With the lagged effects of higher interest rates, equity returns are likely to be impacted by whether earnings can remain resilient. Margins for the index appear to have come off peak levels and the question will be to what extent earnings per share (EPS) growth declines. There are inevitable consequences when it comes to slower economic activity and declining company earnings. Declining EPS can set the stage for weak markets and a deterioration in employment trends.
The Sun Life MFS International Opportunities Fund (the “Fund”) outperformed the EAFE Index for the first quarter. Relative performance was primarily driven by Fund investments in the Information Technology, Consumer Discretionary and Energy sectors.
- An overweight position in Information Technology, the best performing sector in the index, aided relative returns
- Stock selection in Consumer Discretionary contributed to relative performance
- Underweight positions in Real Estate and Energy, both weaker-performing sectors in the index, contributed to relative performance
- Stock selection in Health Care detracted from relative performance
- A combination of both stock selection and an overweight in Consumer Staples detracted from relative performance
One of the biggest concerns for the sub-advisor (MFS Investment Management), and their base case, is the likelihood of recession and the corresponding impact on company earnings. The debate is around how much a fall in earnings has been priced into valuations as a recession edges closer. From their bottom-up perspective, the market seems in denial about the level of economic stress increasing in international equity markets.

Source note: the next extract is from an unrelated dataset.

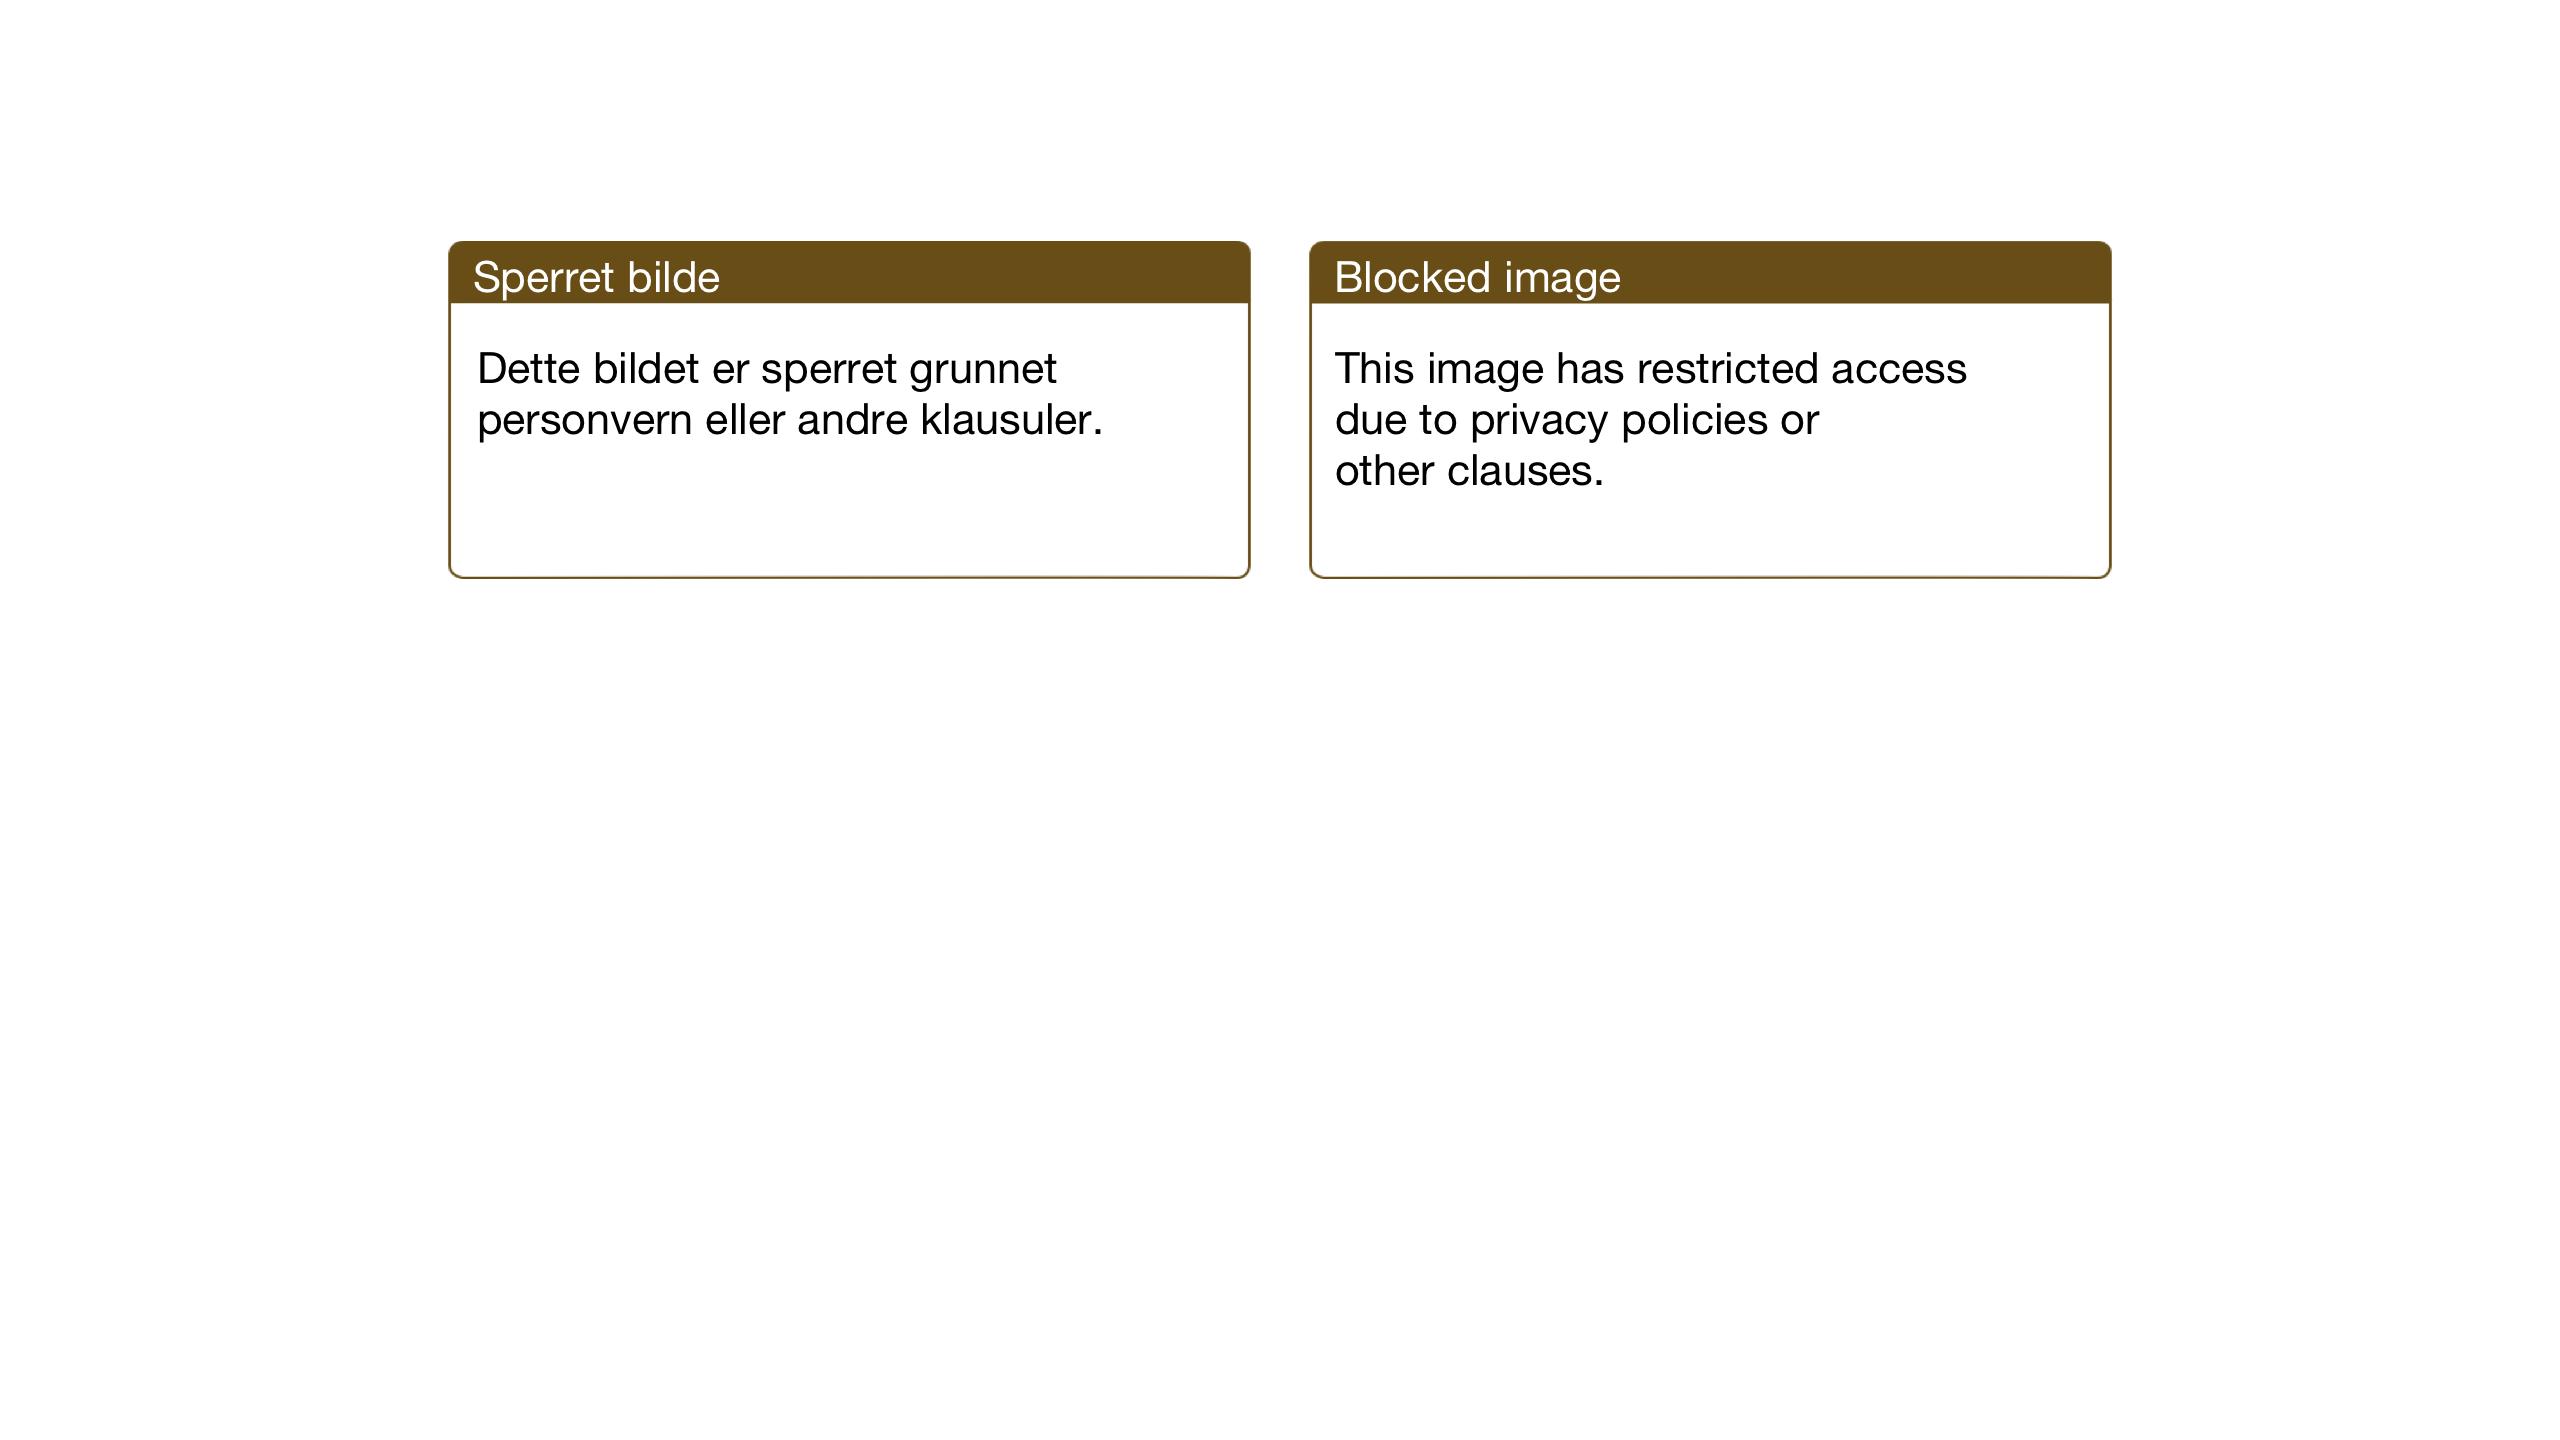 SAT, Ministerialprotokoller, klokkerbøker og fødselsregistre - Sør-Trøndelag, 605/L0248: Ministerialbok nr. 605A10, 1920-1937, s. 295

While there are some positive narratives in the marketplace, market concerns revolve around a higher-for-longer Fed in response to sticky services inflation and a tight labour market, tighter credit conditions following recent banking sector turmoil, downside risks to consensus earnings estimates as margins continue to revert, eroding excess savings/consumer balance sheet cushions, geopolitics and de-globalization. The total amount of global debt has only increased through the COVID pandemic which makes the effects of quantitative tightening quite unpredictable. The likely solution to these current scenarios probably involves some level of economic and market pain before it resolves.
With such uncertainty in the near term, MFS remains focused on doing what they believe they do best: investing with a long-term horizon and using short-term market volatility as an opportunity to add and trim (and start and eliminate) positions. MFS has a clear strategy of investing in quality companies with durable growth, returns and cash flow generation through the cycle, but with an added focus on downside risk management and assessing risk that others often seem willing to overlook. Longer term, they continue to believe that stock selection will be the key component of generating alpha and seeking to avoid significant drawdowns.
MFS continues to see economic stress increasing in international markets, and believe the portfolio is well positioned from their defensive positioning given the increasing risk of recession and their valuation investment discipline in a potentially slower growth, more volatile market environment.